Professional News
States Slash Over $1.6 Billion From Mental Health Care
Psychiatric News
Volume 46 Number 24 page 7b-7b

Over the past three years, 28 states and the District of Columbia have cut a combined total of more than $1.6 billion in funding for mental health services, according to a new report from the National Alliance on Mental Illness (NAMI).

To make matters worse, these sizeable budget cuts have occurred at a time during which demand for mental health services has increased significantly, the report says.

Released November 10, “State Mental Health Cuts: The Continuing Crisis” evaluates the state mental health agency budgets approved by legislatures across the country from Fiscal 2009 to Fiscal 2012. In comparing individual states’ funding outlays for the three-year period, NAMI considered the proportion of each state’s cuts relative to overall budgets for mental health services (see chart).

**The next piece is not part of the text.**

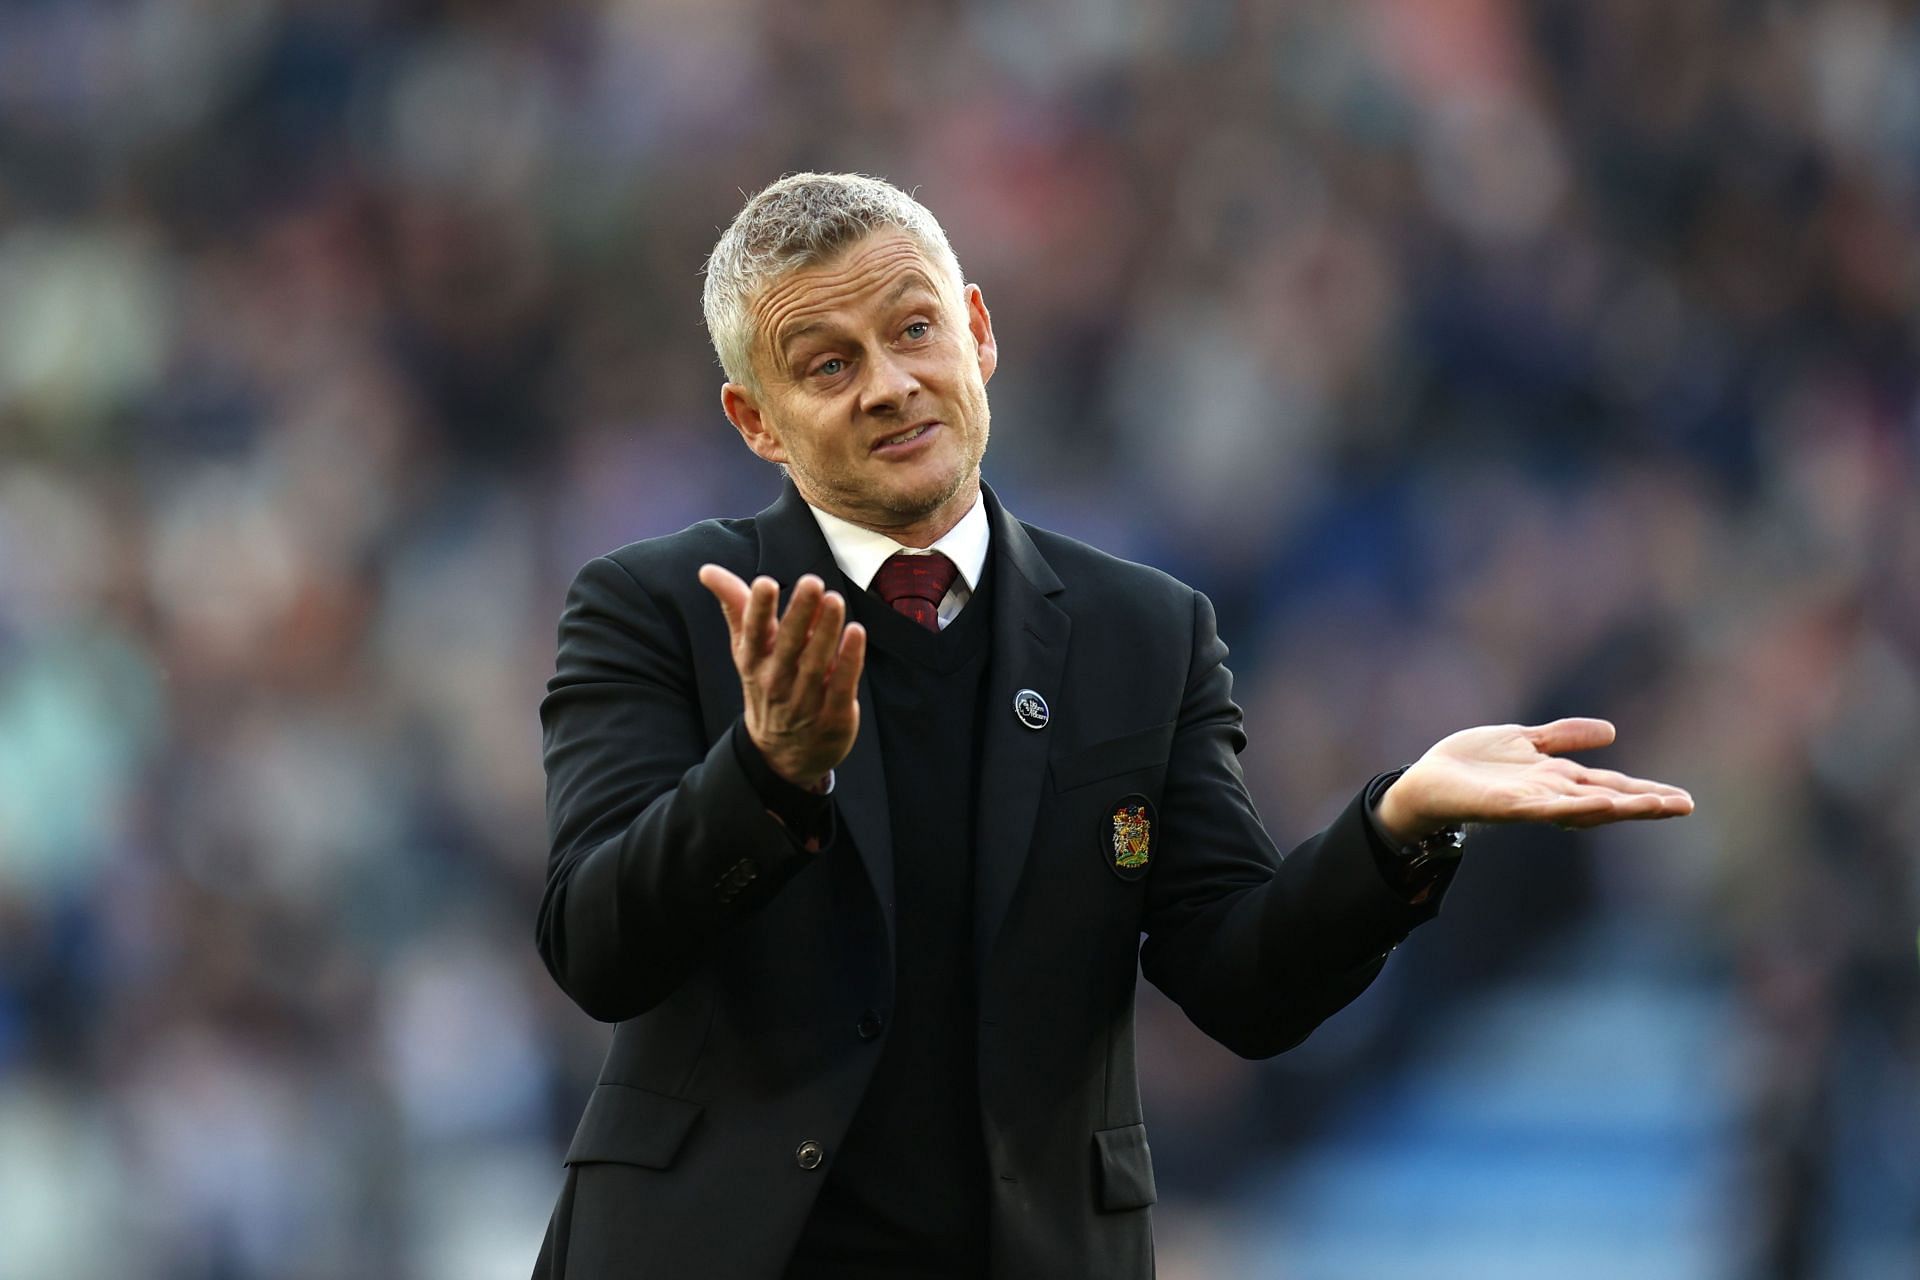 Manchester United makes a decision on Solskjaer&rsquo;s future ahead of the Tottenham clash.

While some states have made modest increases in their mental health appropriations for Fiscal 2012, the report notes that such gains are undercut by a reduction in federal Medicaid support during the past year. According to NAMI, the expiration in June 2011 of a temporary increase in the federal match for Medicaid resulted in the loss of an estimated $14 billion for state Medicaid programs.

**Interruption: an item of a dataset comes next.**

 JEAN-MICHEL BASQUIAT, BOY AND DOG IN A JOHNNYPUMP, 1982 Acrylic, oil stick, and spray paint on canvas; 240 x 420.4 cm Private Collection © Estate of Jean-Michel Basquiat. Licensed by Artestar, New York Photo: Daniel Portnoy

This massive decline in funding has led some states to shift resources to Medicaid services as a means of securing an increased federal match—an approach that has proven problematic for Medicaid nonbeneficiaries in need of mental health services but unable to afford them.

“It is important to meet the needs of Medicaid enrollees, but not at the expense of uninsured or underinsured individuals living with serious mental illness,” said NAMI Executive Director Mike Fitzpat rick in a press release in conjunction with the new report.

In July 2010, Arizona eliminated virtually all services for 12,000 mentally ill individuals who did not qualify for Medicaid, according to the report. And Ohio added millions of dollars to services for Medicaid recipients from Fiscal 2011 to Fiscal 2012, while slashing millions in support of services for those not on Medicaid.

Among the report’s key policy recommendations are protecting and strengthening state mental health services, restoring spending cuts, and preserving access to acute and long-term-care services.

NAMI also recommends improving data collection and outcomes measurement for mental health services.

“In a time of diminishing resources, pressures are increasing on mental health providers to demonstrate that their services are helping people living with mental illness to recover and avoid adverse outcomes, such as hospitalizations, arrests, and suicides,” the report states.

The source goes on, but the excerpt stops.